- Task to complete
Would you retype the whole listing exactly, leaving its pictures out?

- Dataset excerpt
----------

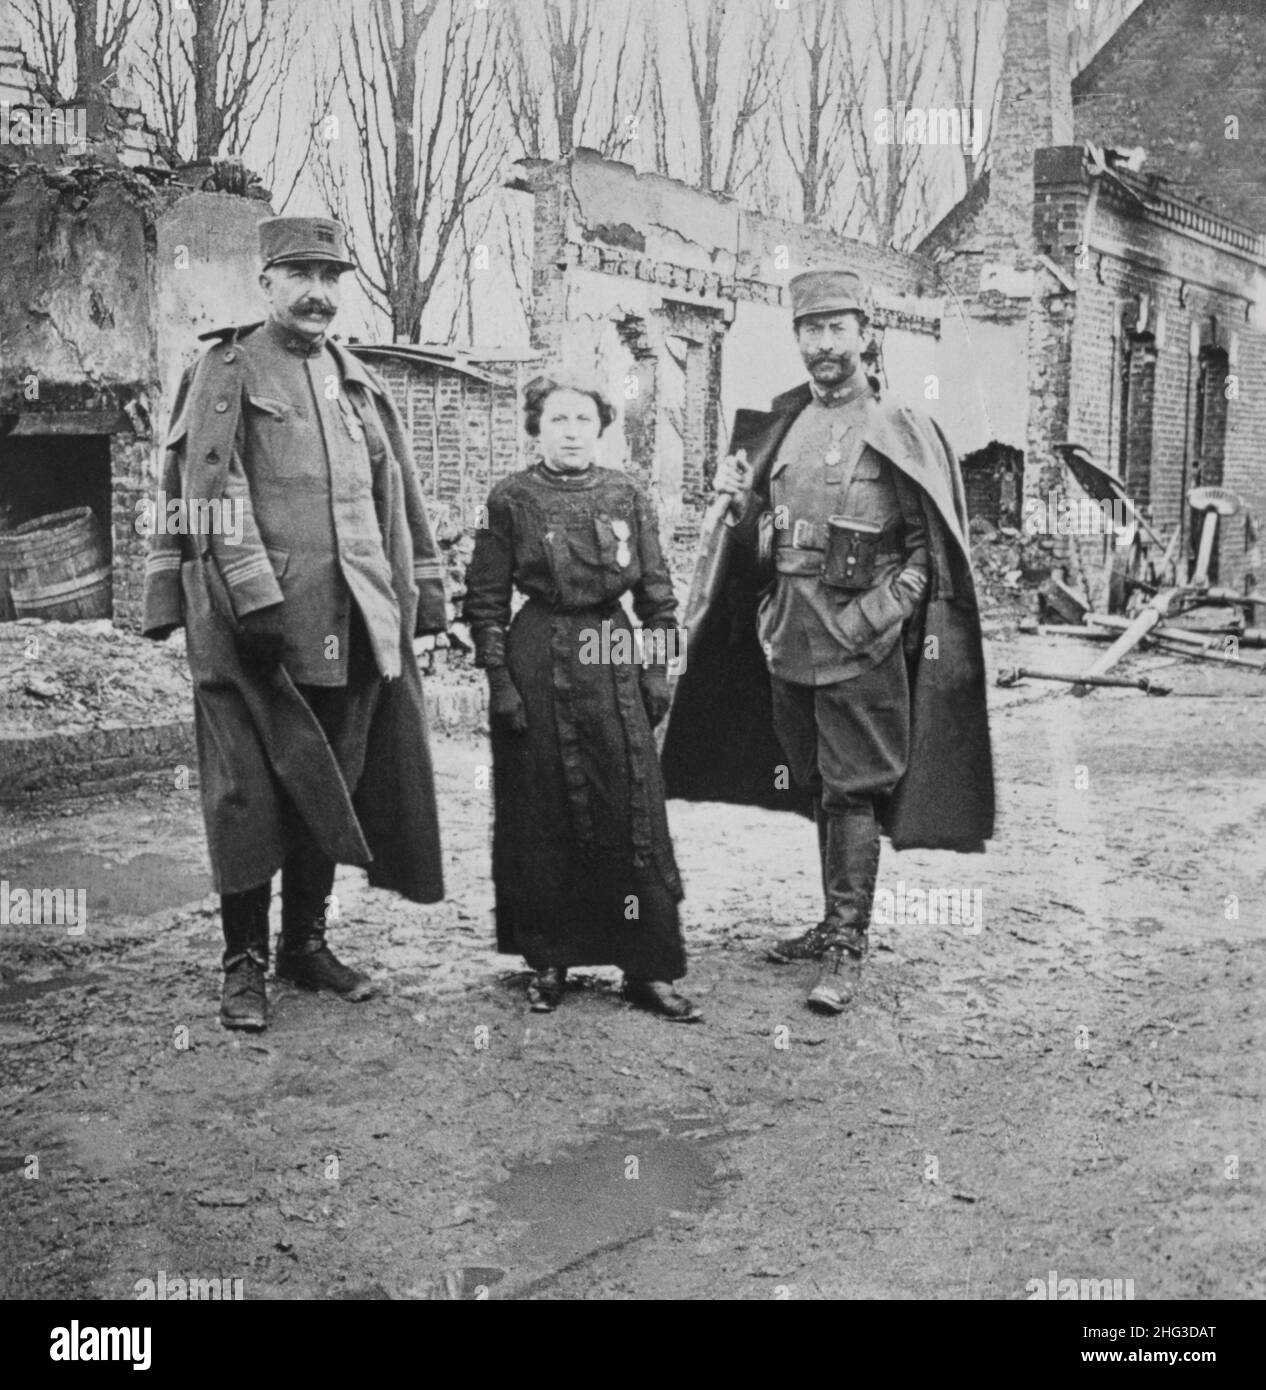 Archivfoto des Ersten Weltkriegs Ruiniertes Dorf von Edlusiers, Frankreich. M'lle Semmer schmückte sich für heldenhafte Aktionen unter Feuer. 1914-1918 Stockfoto
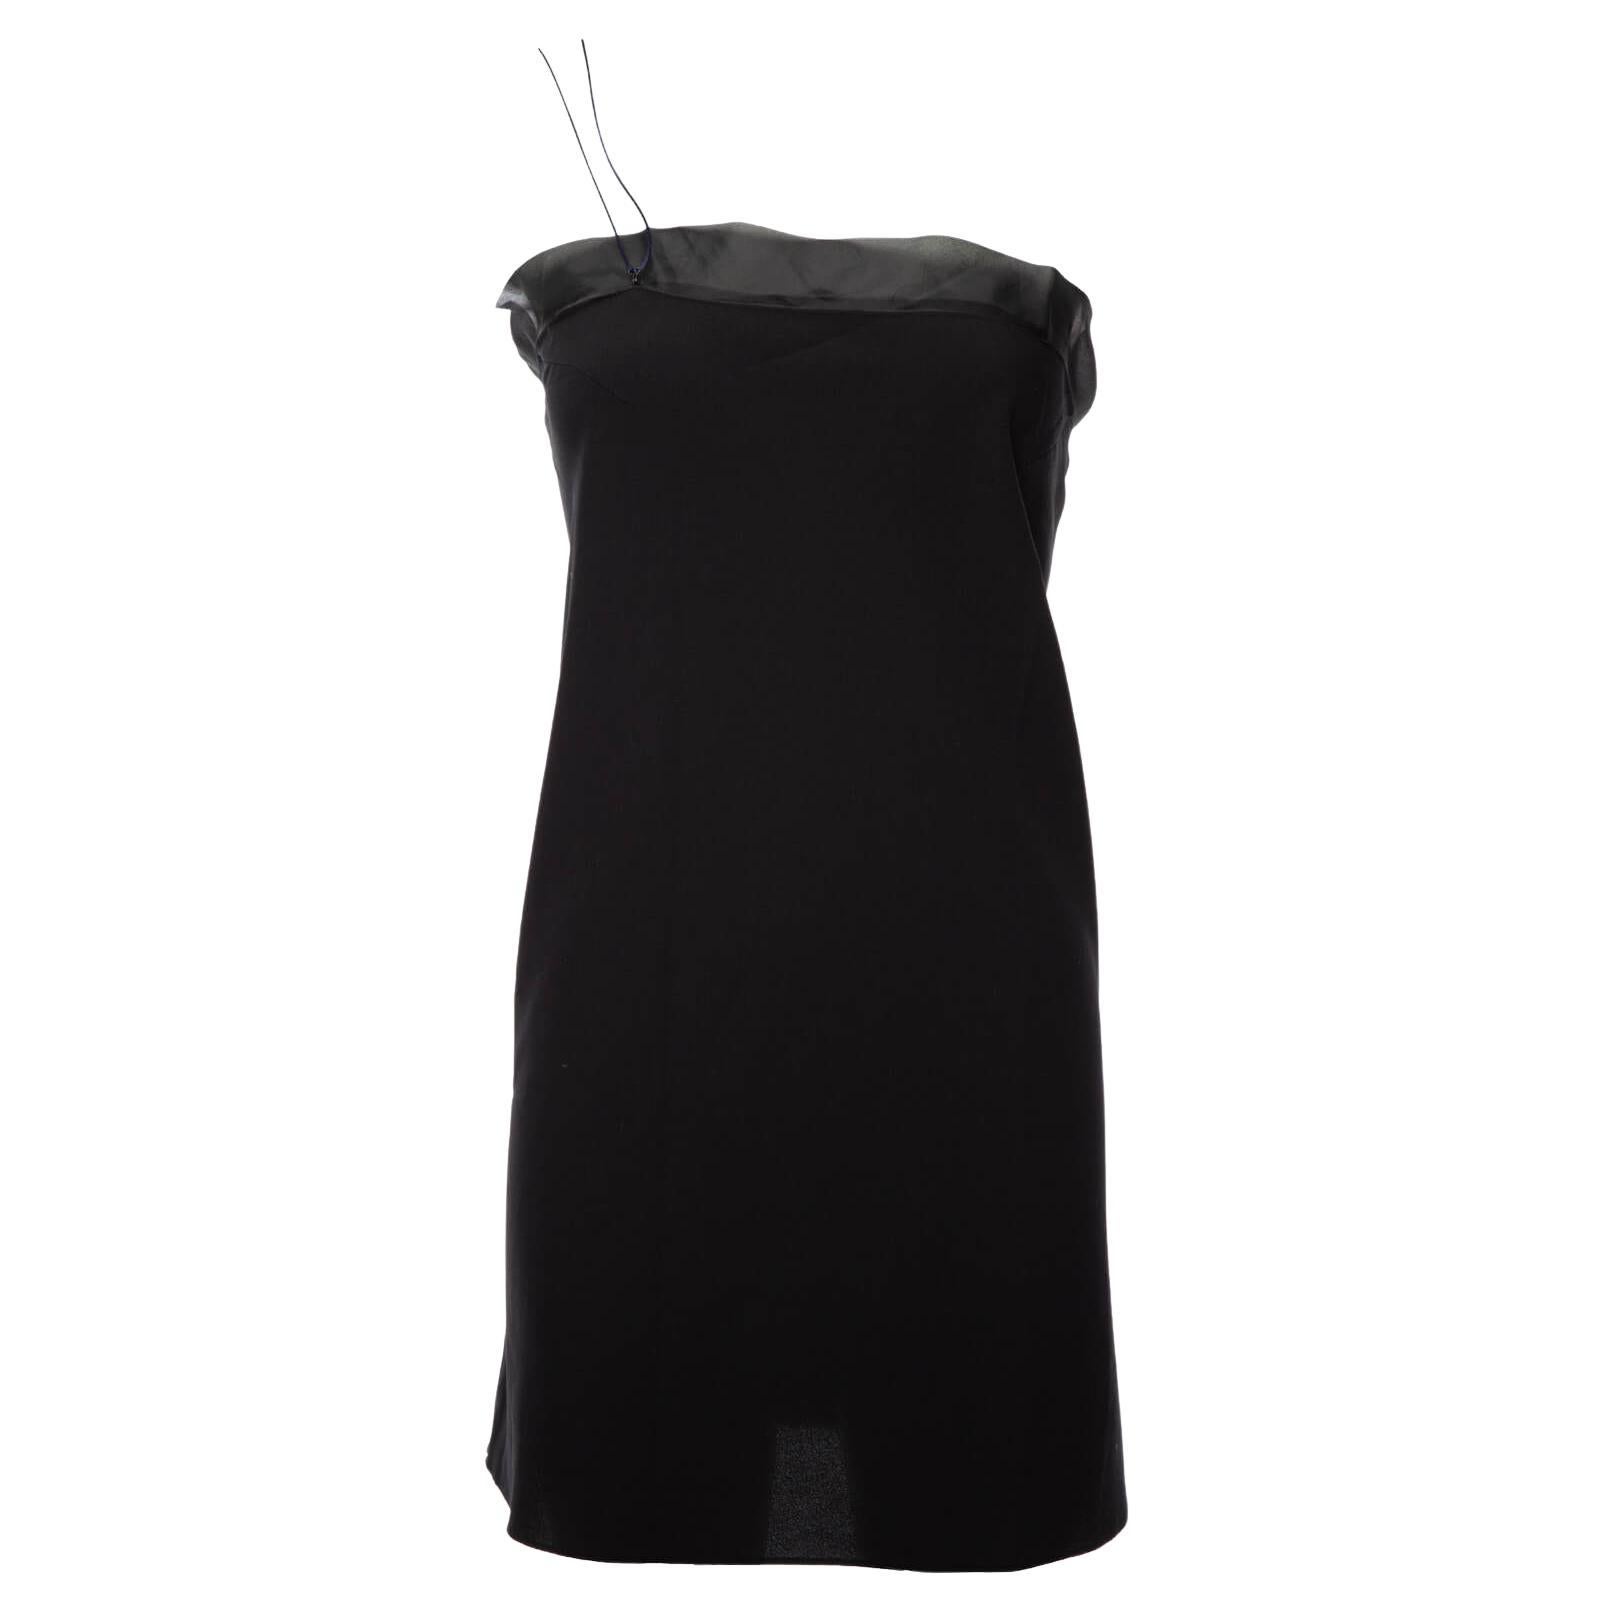 Pre-Loved Balenciaga Women's Spaggetti Strap Top Black Silk
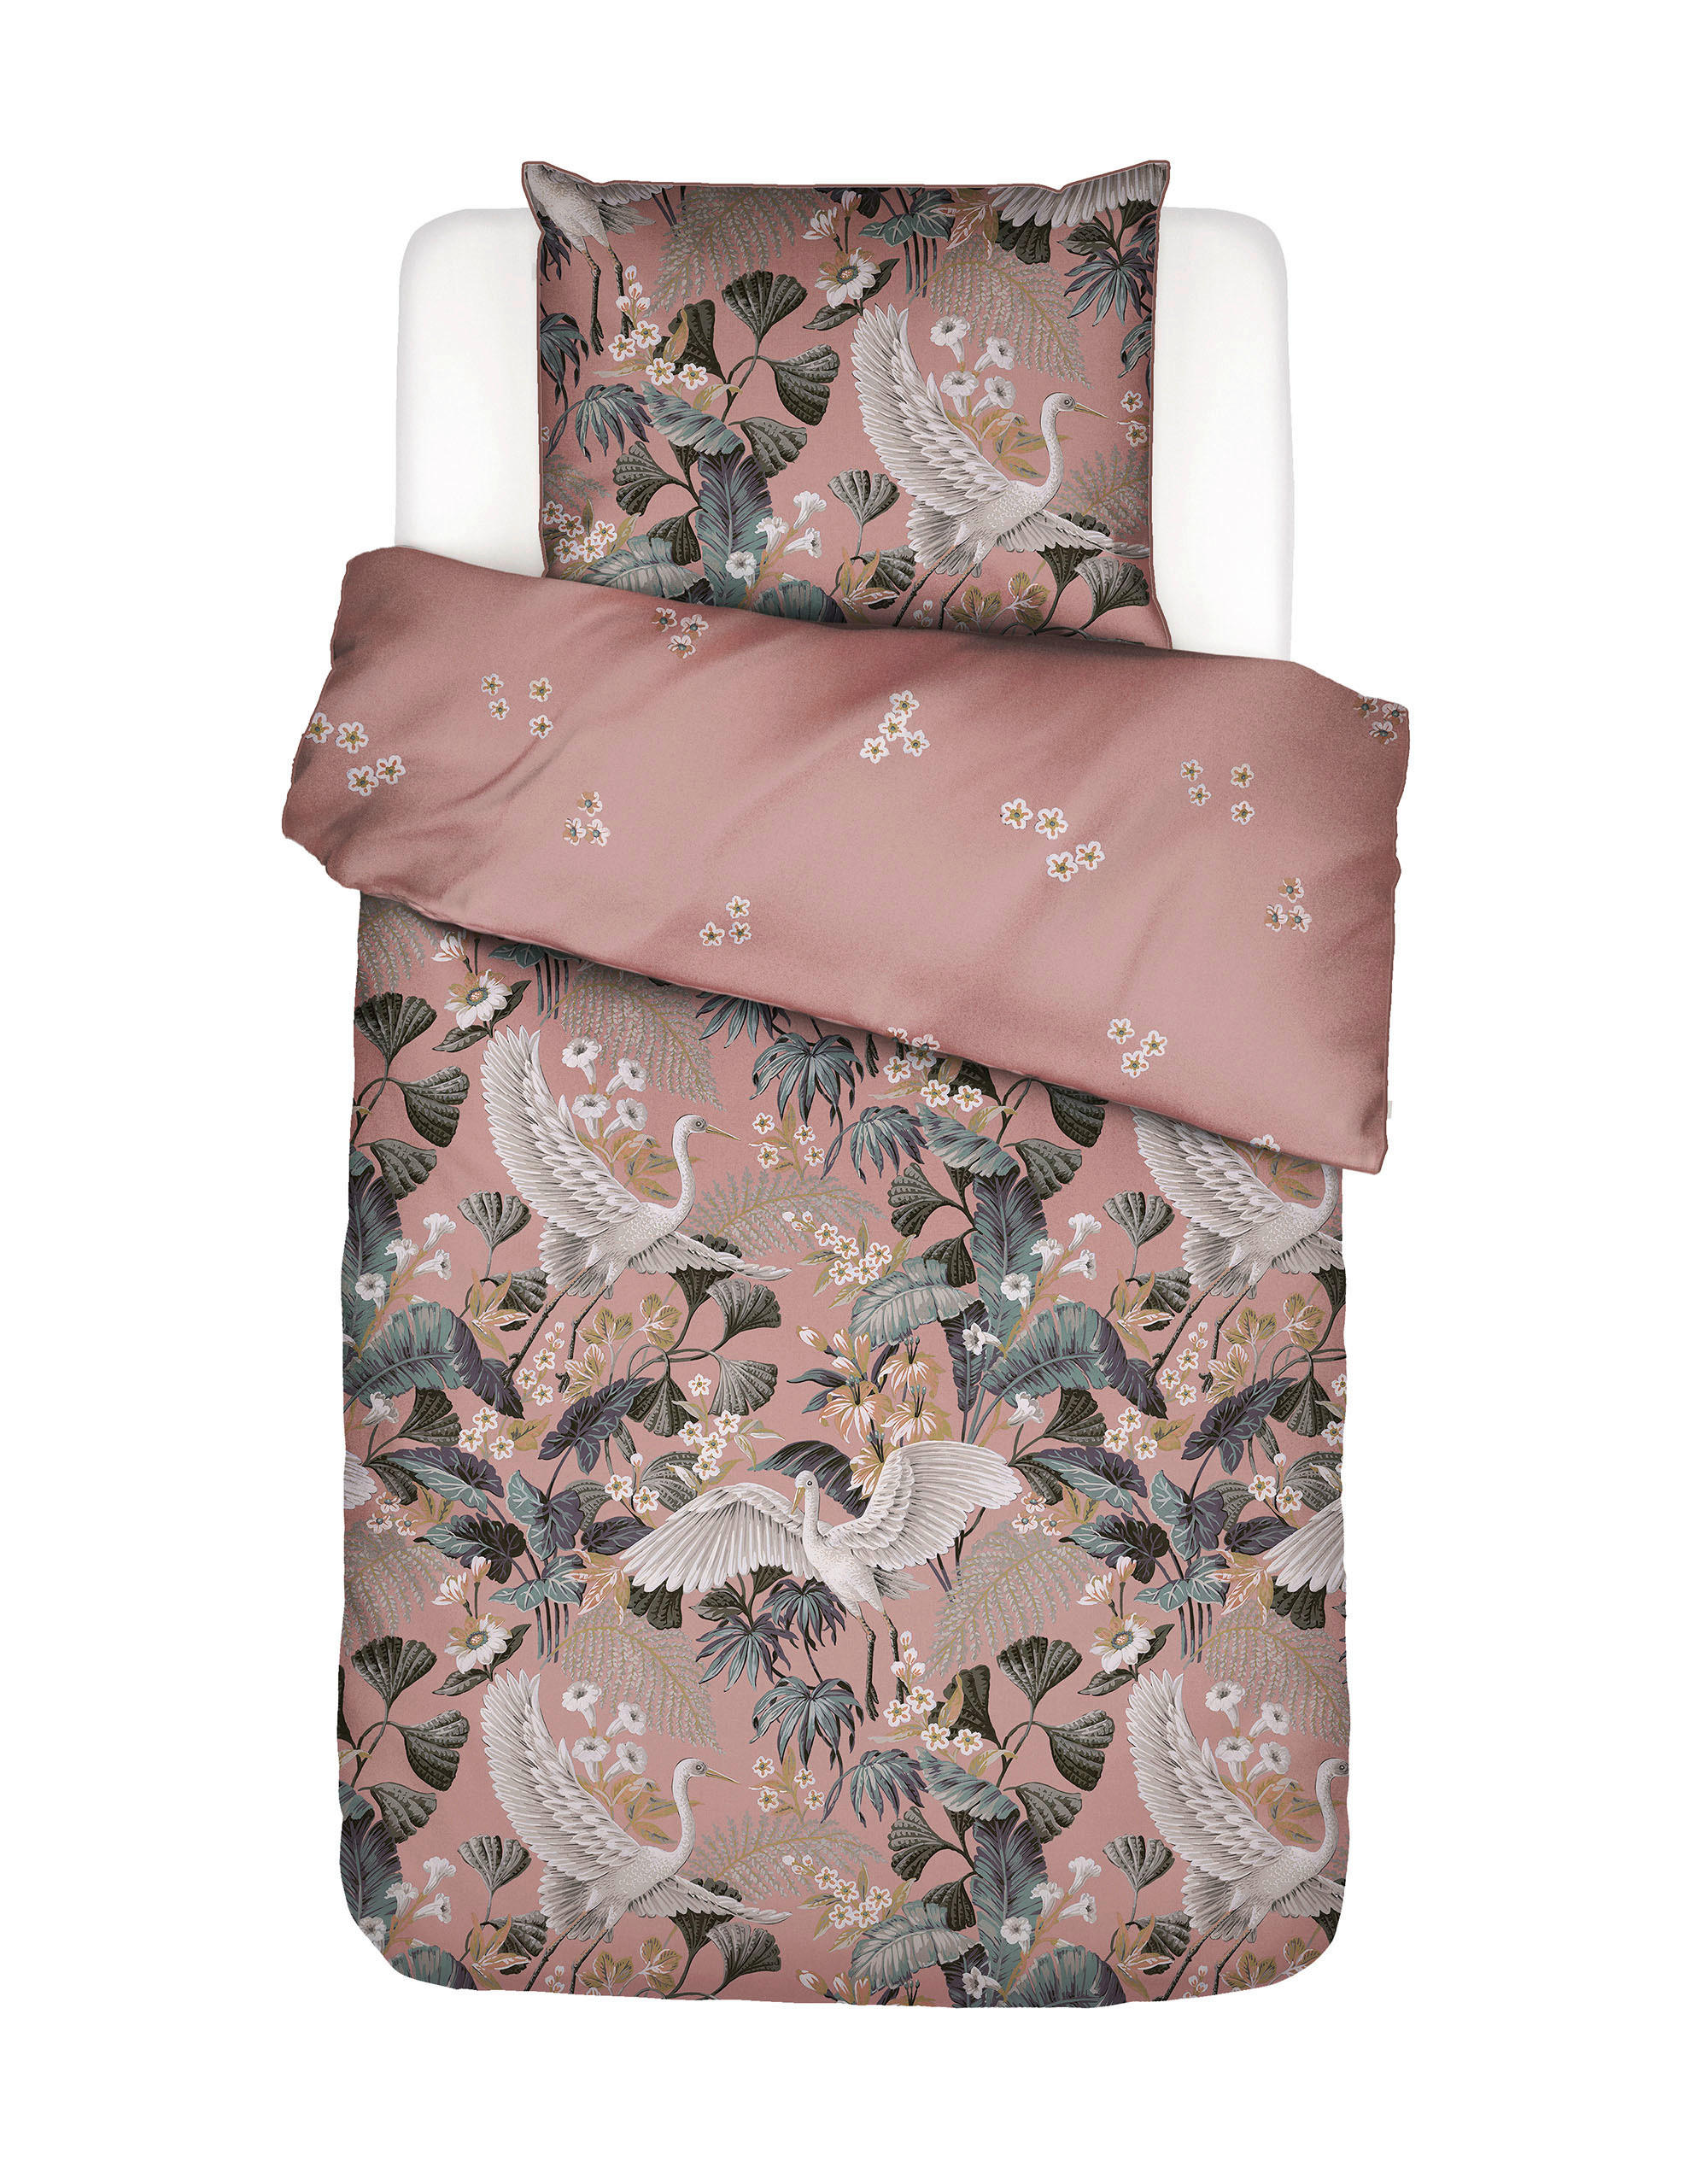 POSTEĽNÁ BIELIZEŇ, satén, pink, 140/200 cm - pink, Design, textil (140/200cm) - Essenza

----------

- Task answer
 Archivfoto des Ersten Weltkriegs Ruiniertes Dorf von Edlusiers, Frankreich. M'lle Semmer schmückte sich für heldenhafte Aktionen unter Feuer. 1914-1918 Stockfoto
 Pre-Loved Balenciaga Women's Spaggetti Strap Top Black Silk
 POSTEĽNÁ BIELIZEŇ, satén, pink, 140/200 cm - pink, Design, textil (140/200cm) - Essenza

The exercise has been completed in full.